What Munzner might say:

Cost and life expectancy clearly fall into the quantitative data category, and are encoded using position, the strongest visual channel for their data type. Type of coverage is categorical, and is encoded using hue, the second strongest visual channel for its data type (after position, which has already been used).  All the visual channels are seperable, and code these four dimensions without confusion. Also, cost and life expectancy are connected by lines, so their relationship is encoded using line slope. Clearly and explicitly relating this data makes the US pop out as the country with the steepest downward slope.

What Tufte might say:

First, this graphic is well documented. The creator, his position, the data source, the year the data was collected, the fact that some countries aren’t shown, and the scales for all the numeric data are all clearly written on the image. The lines connecting cost and life expectancy facilitate clear comparisons of all the data.

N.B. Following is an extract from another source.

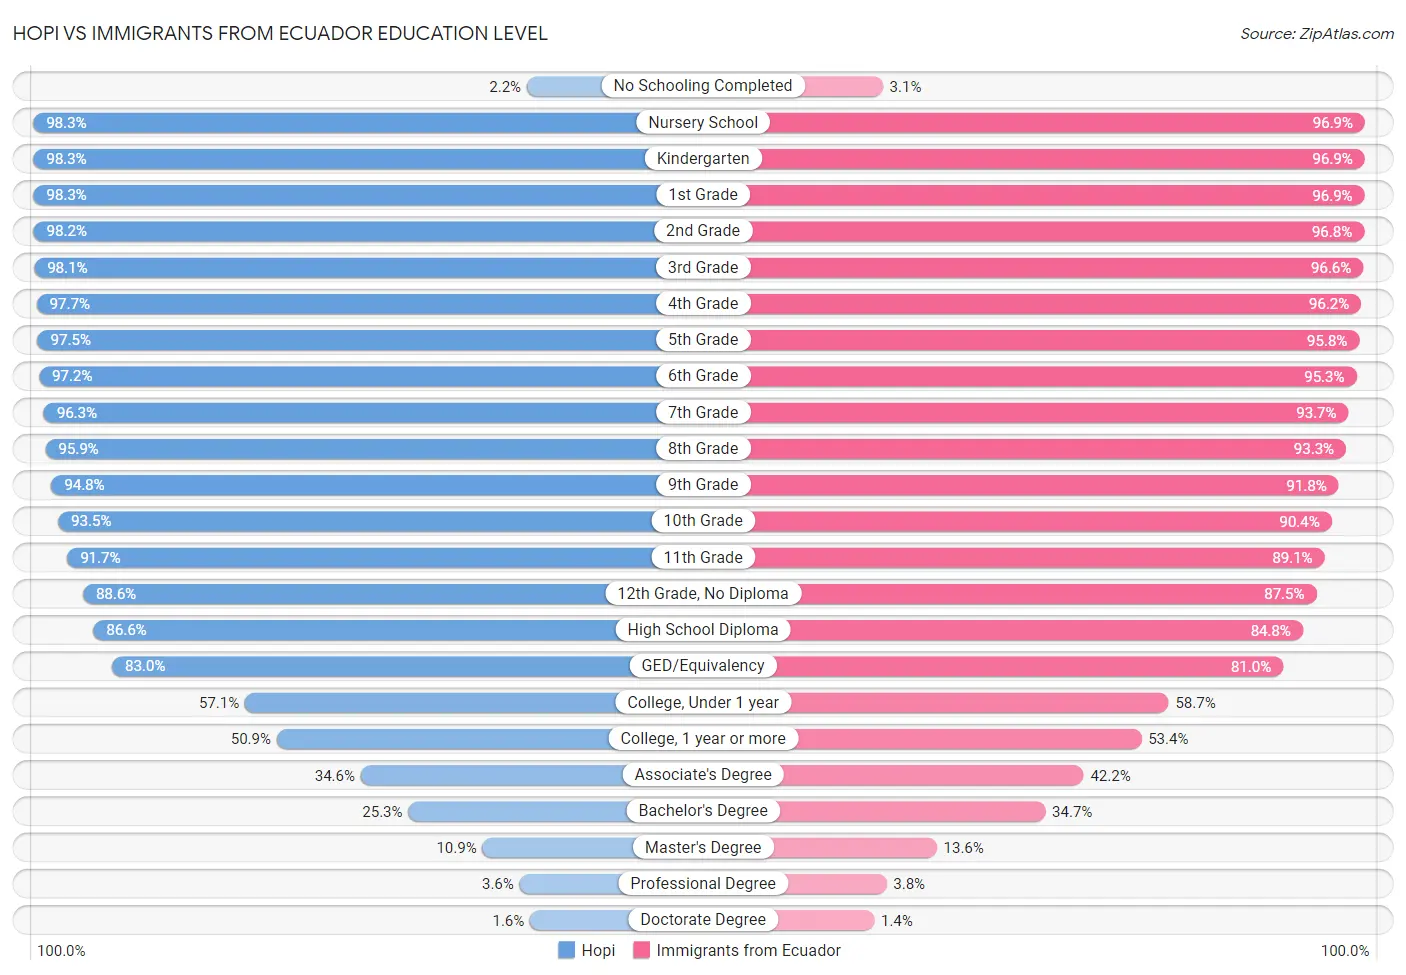 Hopi vs Immigrants from Ecuador Education Level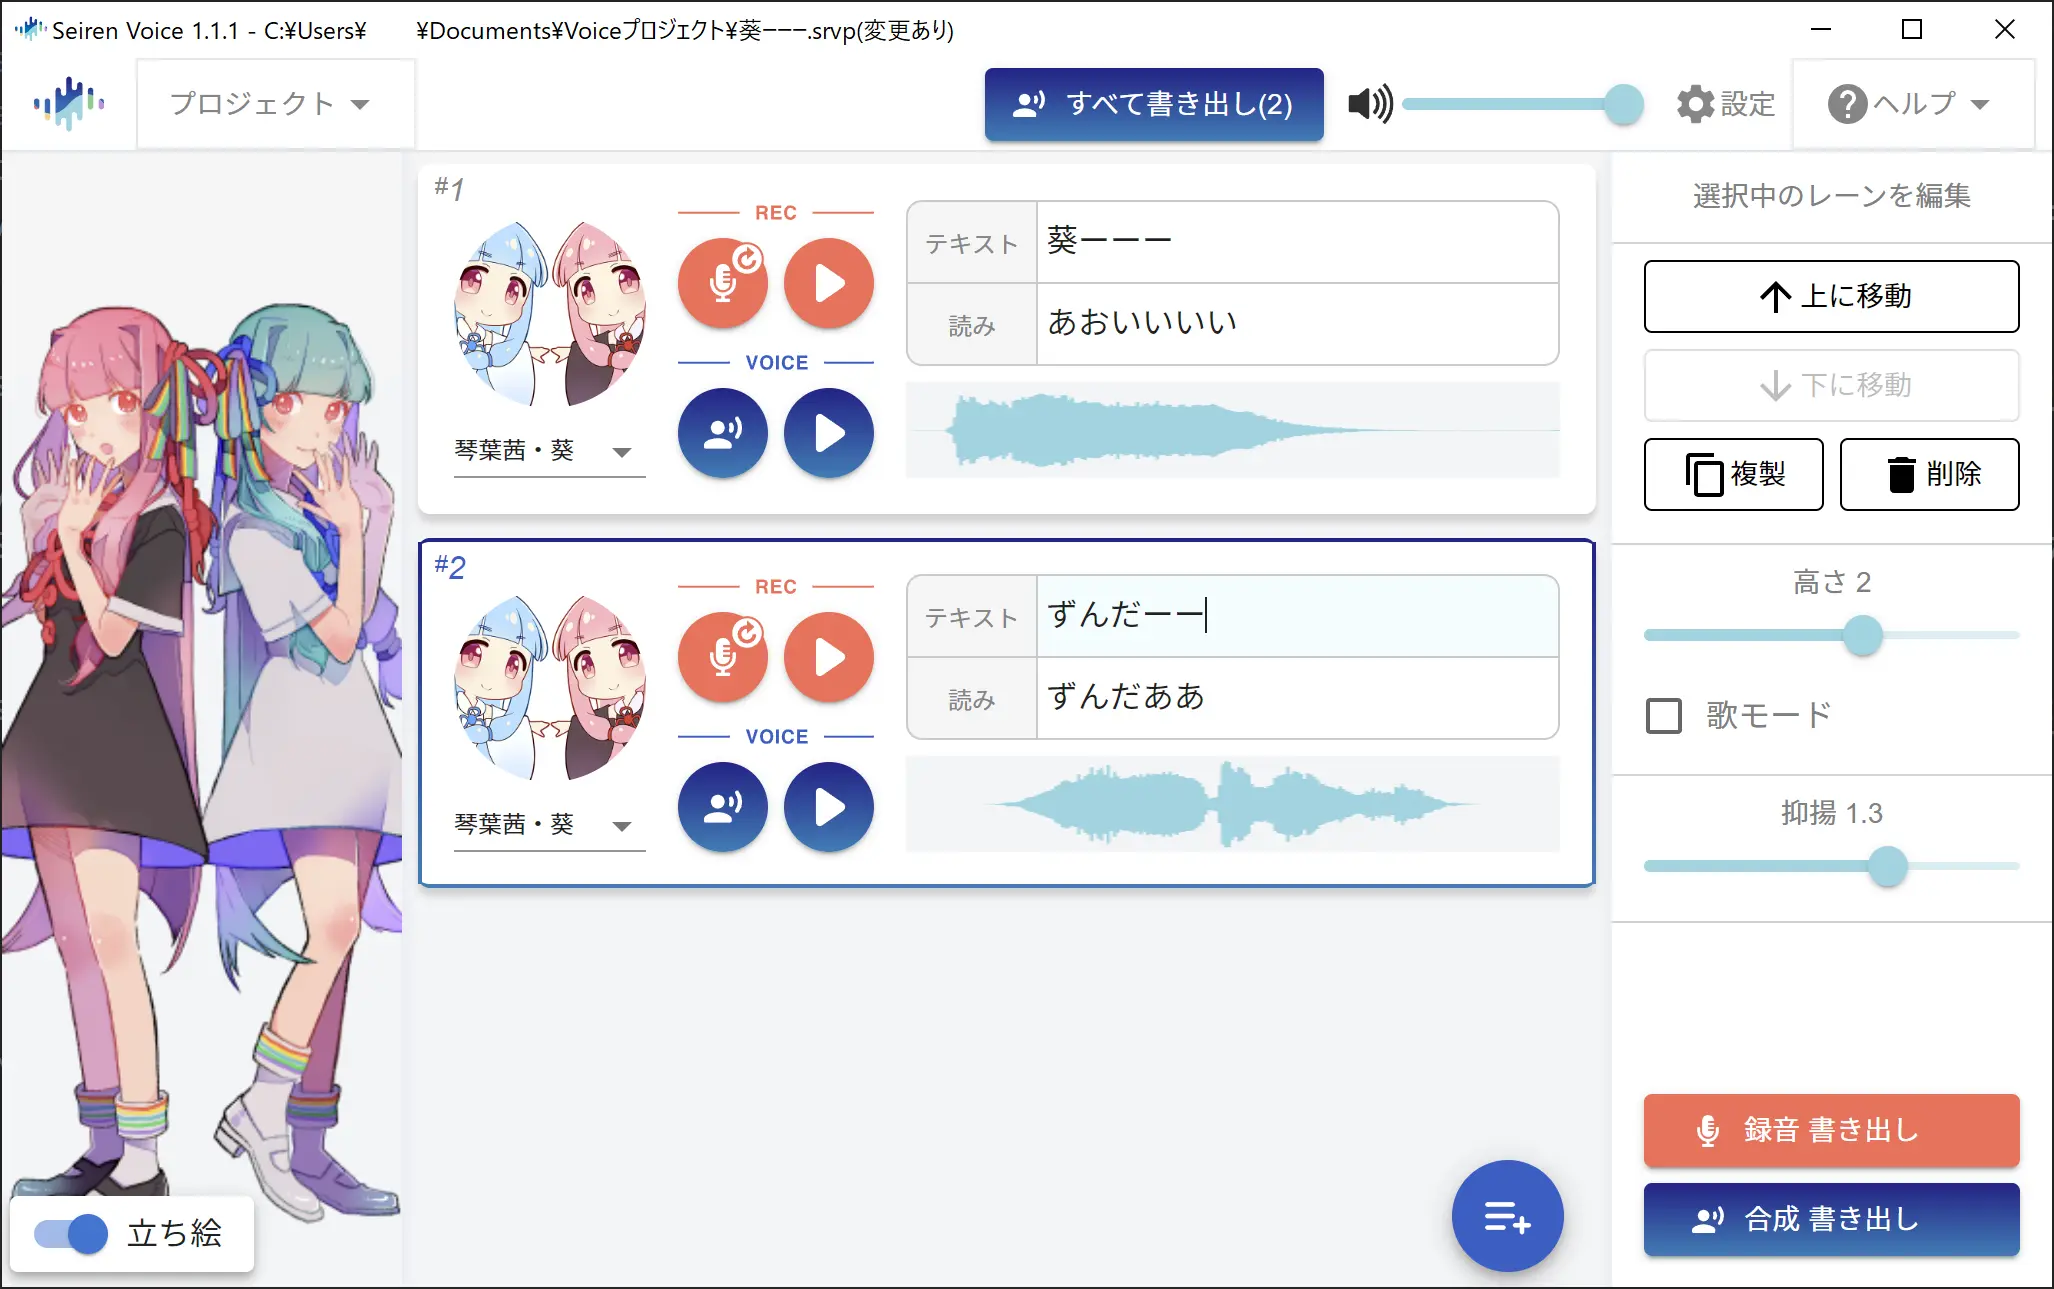 AoiSupport -音声合成ソフトを利用した動画制作の支援ツール-

Edit: Here’s an interesting article where the creator justifies his design choice over a scatterplot: http://blogs.ngm.com/blog_central/2010/01/the-other-health-care-debate-lines-vs-scatterplot.html

The Bad

February 10, 2010

in Critiques,Student Posts

Trends and Technology Timeline 2010+: A roadmap for the exploration of current and future trends

http://nowandnext.com/PDF/trends_and_technology_timeline_2010.pdf

This visualization denotes current trends as well as predictions for future trends, and displays them in a way that is analogous to a subway map. This text is included on the map:

“This map is a broad representation of some of the trends and technologies currently visible. Improvement works are carried out at weekends and travellers should check to see whether lines are still operable before commencing any journeys. Helpful suggestions concerning new routes and excursions are always welcome.”

This visualization encodes five dimensions of data in the following ways:

–       “time zones”– radial distance from the center of the map, hue

–       phenomena – text labels, position on category lines, connection?

–       category of phenomena – hue

–       type of phenomena – shape, glyphs

–       global risks – bulleted list, containment?

What Munzner might say:

First of all, this “roadmap” doesn’t even use the strongest visual channel(s): absolute x and y position. Then, it uses hue to distinguish different time zones (even though this is ordered data, and saturation would be more appropriate), AND to distinguish different categories. And there are 16 different colors corresponding to different categories, even though the max amount of colors used should be eight.

What Tufte might say:

What is meant by “time zones”? The common definition of this word is very different from the definition as relates to this visualization. Also, trends appear on category lines in a particular order. Is there any logic behind this order? Does it imply causality? Finally, the extremely dense text doesn’t make very judicious use of ink.